The man who sleeps in Hitlers bed

It should all be preserved & displayed as a testament to what happens when you tow the company line without thinking too much about it. It could happen again all too easily.
 
Wow! now that's a collection! That stuff is part of history and should be preserved. Humanity needs to remember what transpired so it doesn't happen again. I would be surprised if he didn't own one of the few king tiger tanks left as well, since they mention the movie Fury.
 
So Hitler was a Coke-aholic. Its kind of like Saddam Hussein being a fiend for Mars bars. I'd only call Wheatfield weird if he had Hitler's childhood pi$$-pot full of the future Fuhrer's coprolite.:)
 
Quite the collection indeed. Thanks for the post.

As for the comments section; "For those who understand, no explanation is necessary. For those who don't, no explanation is sufficient."

Adam
 
I found this interesting:

The owner of the house had just passed away; he was apparently a senior British diplomat who, in his regular trips to Germany in the lead-up to the war, amassed a sizable collection of Nazi memorabilia. He continued to collect after the war had finished, the most interesting items hidden in a safe room behind a secret panel. “It’s stunning,” Wheatcroft told me, by telephone, his voice fizzing with excitement. “There’s a series of handwritten letters between Hitler and Churchill. They were writing to each other about the route the war was taking. Discussions of a non-aggression pact. This man had copied things and removed them on a day-to-day basis over the course of the war. A complete breach of the Official Secrets Act, but mindblowing.” The authenticity of the papers, of course, has not yet been confirmed – but if they are real, they could secure Wheatcroft a place in the history books.
 
I wonder what will come of that guy's plans. I doubt there are enough people with the right kind of intellect and appreciation for such an aspiration to show this collection and make it valuable knowledge. It's kind of like the difference between two good movies, where the audience cries at the end for both. But, one movie the good guys win, the other the bad guys win. I have nothing but sheer respect for those involved in something so big and so long ago now; the scope of the knowledge involved and all the cause and effects will be lost to the ages and those who choose to respect things a little differently nowadays.
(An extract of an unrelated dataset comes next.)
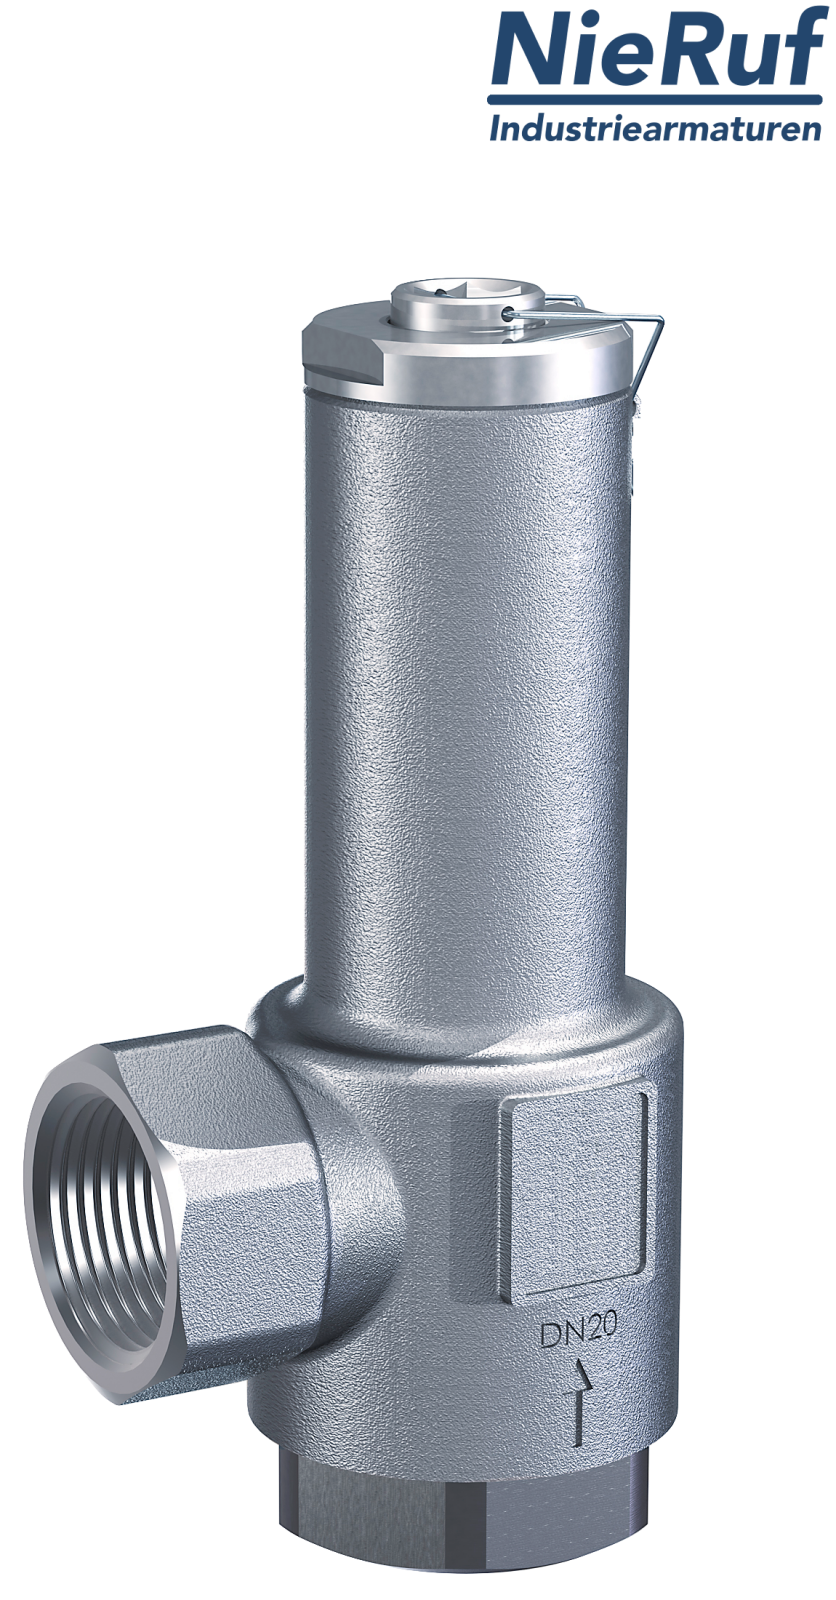 angle-type overflow valve 1 1/2" inch fm UV03 stainless steel AISI 316L 2 - 12 bar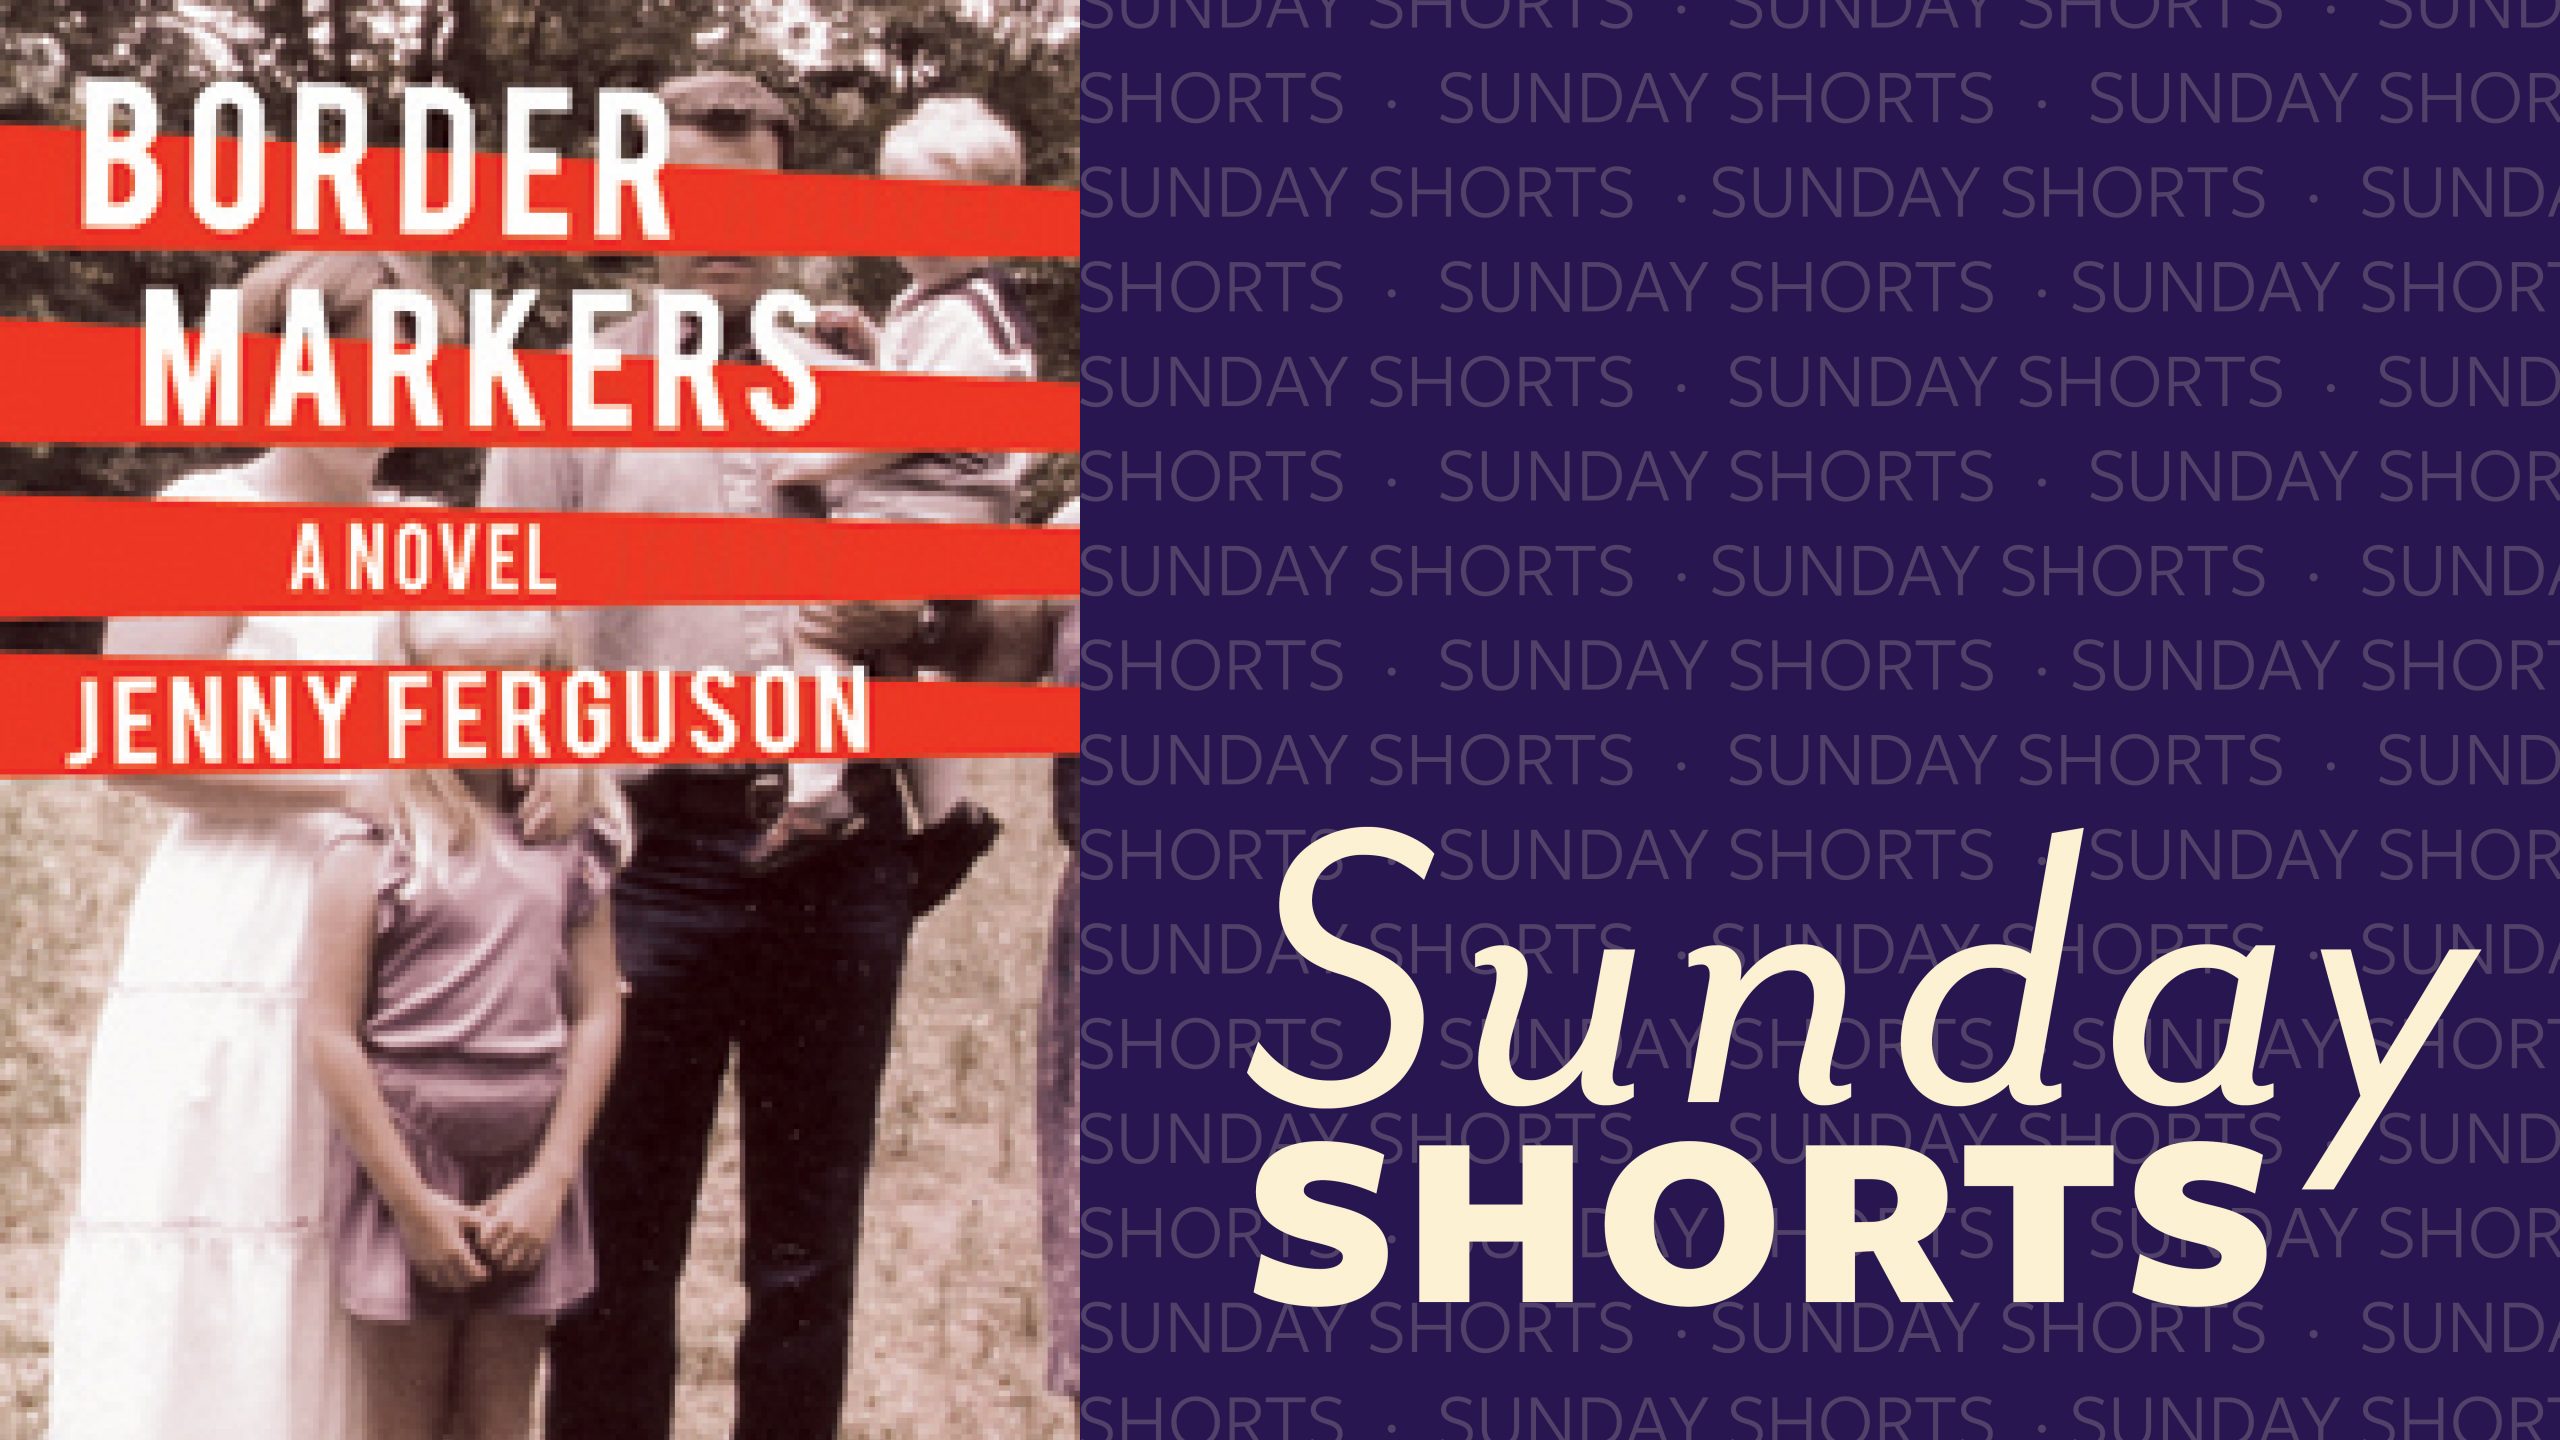 Sunday Shorts with cover of Border Markers

I think I would be the one who get shivers walking through the exhibits imagining the suffering the thanking quietly to the stars above I am still here while watching probably a larger percentage of groupies or jokers taking it all for granted. If it could come across like the former, go for it, I support it, if the latter, it could do more harm than good.

Great article though, super journalist, very skilled.